All this requires a deep understanding of the epicentre of any brand – the consumers. And it is not just knowing your consumers, it is about analysing, deciphering and applying. Thats where the current adherent called data analytics play a vital role.
A systematic, process-driven, data-backed creation of a brand done through intense research is what makes the above possible. Gut-feeling is now passé, and technology has made this even more apparent.
Science Behind Communication
How does the consumer brain react and behave towards different communications, on-screen, off-screen, besides the inbox, above the news app interface, in-between the newsfeed, as suggested or sponsored posts or on the many flyers inside the newspaper?

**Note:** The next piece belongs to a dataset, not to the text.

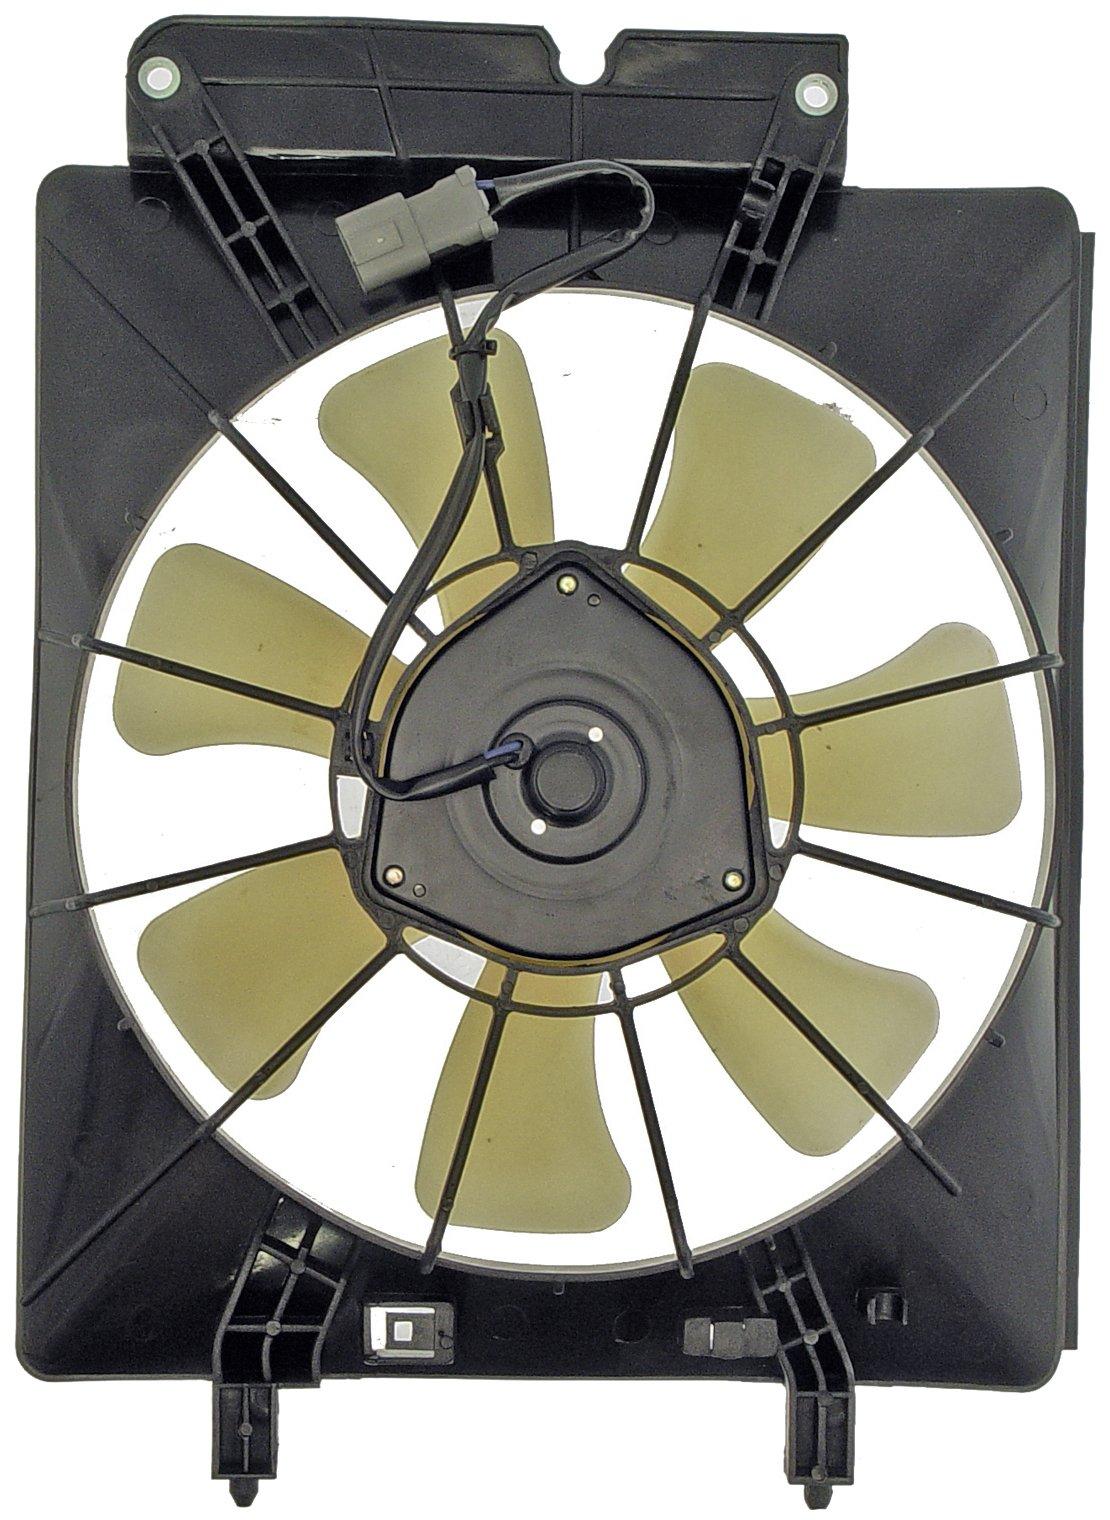 Dorman 620-233 Radiator Fan Assembly by Dorman

And its not just the multi-media, but the multi-elements within a single piece of communication that the consumer is expected to react to.
Is the logo more important that the verbal message? Or is the message more important than the jingle? Or the product itself? Psychologists can help brands spot exactly what’s important. Having said that they certainly can’t predict what the consumers will buy, but definitely provide a comprehensive understanding of how the consumers perceive and react to a particular thing, how they process what they see, hear, smell and touch.
It is also imperative to understand what belief the brand is targeting and align its purpose to it.
Jane E. Raymond, PhD, professor of experimental consumer psychology at the University of Wales in Bangor says, “Better timing could help ensure that viewers’ brains manage to grab the brand name”. In a technique pioneered by Coke and Pepsi in the 1960s, television ads frequently end a series of images with the brand name. By then, says Raymond, viewers are so engrossed in thinking about the preceding images they often don’t even notice this so-called punctuation.
There is a speed that the brain processes information at, consumers can’t absorb everything that is shown to them. Therefore, what and how to show them needs a scientific study behind for it to become effective.
Understanding the consumer’s brain also makes one better at the art of persuasion. The psychological analysis helps brands understand what is it that is influencing the consumers. Whether it is the sentiment owing to a current affair, or through reciprocating what others have done for the same consumers, or is it because of being consistent, or the brand’s likability spread through social media or is it simply because of being scarce. These being a few, Forbes has put out a worthy list of 21 Principles of Pursuasion.
Science Behind Choice
In the physical world, many retail brands are taking up intense help of neuroscience and consumer behaviour analytics for effective retailing.
Seeing is believing, but, may not be buying.
To convert this believing to buying, retailers have figured out scientific ways to create intriguing experiences. Equal significance is being given to sensory affairs engineered as per the choice-making process of the consumers.
Neuroscience can help retailers with heuristic environments to ensure enhanced engagement with their consumers. It also helps in understanding the action and reaction owing to the rapidly changing external factors like technology.
This understanding of cognitive behaviour of the consumers – online or offline – plays an important role in targeting the right kind of content and the right time to them.
Advertising, branding, communication is no more about what I like, what you like or what most of us like. It is about the science of understanding what will work through intense research and study, along with optimal use of technology.
To have a logical reasoning behind why something is done, backed by enough evidences and the resources and ability to monitor is the need today.
Technology helps track and act according to what consumers are doing. But to get to why consumers are doing so, it needs science to get there.